- [Problem to work on]: The listing below contains a span that opens with the line containing "News, Shelby, Fine" and closes with the line containing "Ski resort Obergurgl". Return that span exactly.

- [Exercise data]:
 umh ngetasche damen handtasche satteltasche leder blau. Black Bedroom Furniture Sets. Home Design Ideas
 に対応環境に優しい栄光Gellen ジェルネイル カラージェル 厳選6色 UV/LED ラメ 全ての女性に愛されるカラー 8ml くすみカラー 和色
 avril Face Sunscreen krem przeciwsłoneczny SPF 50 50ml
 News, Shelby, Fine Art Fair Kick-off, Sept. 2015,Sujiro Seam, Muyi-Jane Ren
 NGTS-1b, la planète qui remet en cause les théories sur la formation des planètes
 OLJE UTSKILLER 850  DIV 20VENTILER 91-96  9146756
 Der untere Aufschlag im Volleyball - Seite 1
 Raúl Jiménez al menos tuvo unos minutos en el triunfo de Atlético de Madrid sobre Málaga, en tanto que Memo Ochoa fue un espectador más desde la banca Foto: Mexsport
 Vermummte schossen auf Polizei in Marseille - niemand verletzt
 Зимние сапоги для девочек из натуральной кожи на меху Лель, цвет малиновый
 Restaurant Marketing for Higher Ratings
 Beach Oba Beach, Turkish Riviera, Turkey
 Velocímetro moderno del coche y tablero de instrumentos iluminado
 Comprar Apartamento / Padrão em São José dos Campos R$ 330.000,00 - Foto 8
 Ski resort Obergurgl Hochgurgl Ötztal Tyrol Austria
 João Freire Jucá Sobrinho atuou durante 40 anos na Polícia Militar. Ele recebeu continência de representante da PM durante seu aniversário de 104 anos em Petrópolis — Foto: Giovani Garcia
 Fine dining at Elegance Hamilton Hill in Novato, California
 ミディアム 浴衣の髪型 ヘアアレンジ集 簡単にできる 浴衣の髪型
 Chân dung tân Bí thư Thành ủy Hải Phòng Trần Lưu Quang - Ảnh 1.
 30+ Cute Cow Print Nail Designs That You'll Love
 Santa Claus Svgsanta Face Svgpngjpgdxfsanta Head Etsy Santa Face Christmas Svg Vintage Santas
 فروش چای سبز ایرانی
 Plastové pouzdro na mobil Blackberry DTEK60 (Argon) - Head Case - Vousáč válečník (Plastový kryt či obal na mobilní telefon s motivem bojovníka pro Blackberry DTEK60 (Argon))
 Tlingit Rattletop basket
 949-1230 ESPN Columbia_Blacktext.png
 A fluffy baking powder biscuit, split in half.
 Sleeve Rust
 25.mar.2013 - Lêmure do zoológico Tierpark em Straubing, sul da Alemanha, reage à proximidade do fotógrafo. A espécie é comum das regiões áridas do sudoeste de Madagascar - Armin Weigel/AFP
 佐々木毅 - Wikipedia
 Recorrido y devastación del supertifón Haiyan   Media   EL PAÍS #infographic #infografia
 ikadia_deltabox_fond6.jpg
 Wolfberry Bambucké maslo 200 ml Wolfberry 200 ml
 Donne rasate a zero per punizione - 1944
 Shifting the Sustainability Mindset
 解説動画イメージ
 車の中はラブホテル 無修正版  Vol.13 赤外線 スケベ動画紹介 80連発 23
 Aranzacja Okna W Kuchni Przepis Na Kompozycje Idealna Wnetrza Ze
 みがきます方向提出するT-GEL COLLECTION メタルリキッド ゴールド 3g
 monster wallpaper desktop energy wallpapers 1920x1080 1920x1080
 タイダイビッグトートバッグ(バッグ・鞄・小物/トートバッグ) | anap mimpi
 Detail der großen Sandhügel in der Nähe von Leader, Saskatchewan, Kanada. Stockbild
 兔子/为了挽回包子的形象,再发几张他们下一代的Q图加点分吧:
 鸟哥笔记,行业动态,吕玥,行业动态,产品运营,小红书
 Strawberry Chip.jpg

- [Expected answer]:
 News, Shelby, Fine Art Fair Kick-off, Sept. 2015,Sujiro Seam, Muyi-Jane Ren
 NGTS-1b, la planète qui remet en cause les théories sur la formation des planètes
 OLJE UTSKILLER 850  DIV 20VENTILER 91-96  9146756
 Der untere Aufschlag im Volleyball - Seite 1
 Raúl Jiménez al menos tuvo unos minutos en el triunfo de Atlético de Madrid sobre Málaga, en tanto que Memo Ochoa fue un espectador más desde la banca Foto: Mexsport
 Vermummte schossen auf Polizei in Marseille - niemand verletzt
 Зимние сапоги для девочек из натуральной кожи на меху Лель, цвет малиновый
 Restaurant Marketing for Higher Ratings
 Beach Oba Beach, Turkish Riviera, Turkey
 Velocímetro moderno del coche y tablero de instrumentos iluminado
 Comprar Apartamento / Padrão em São José dos Campos R$ 330.000,00 - Foto 8
 Ski resort Obergurgl Hochgurgl Ötztal Tyrol Austria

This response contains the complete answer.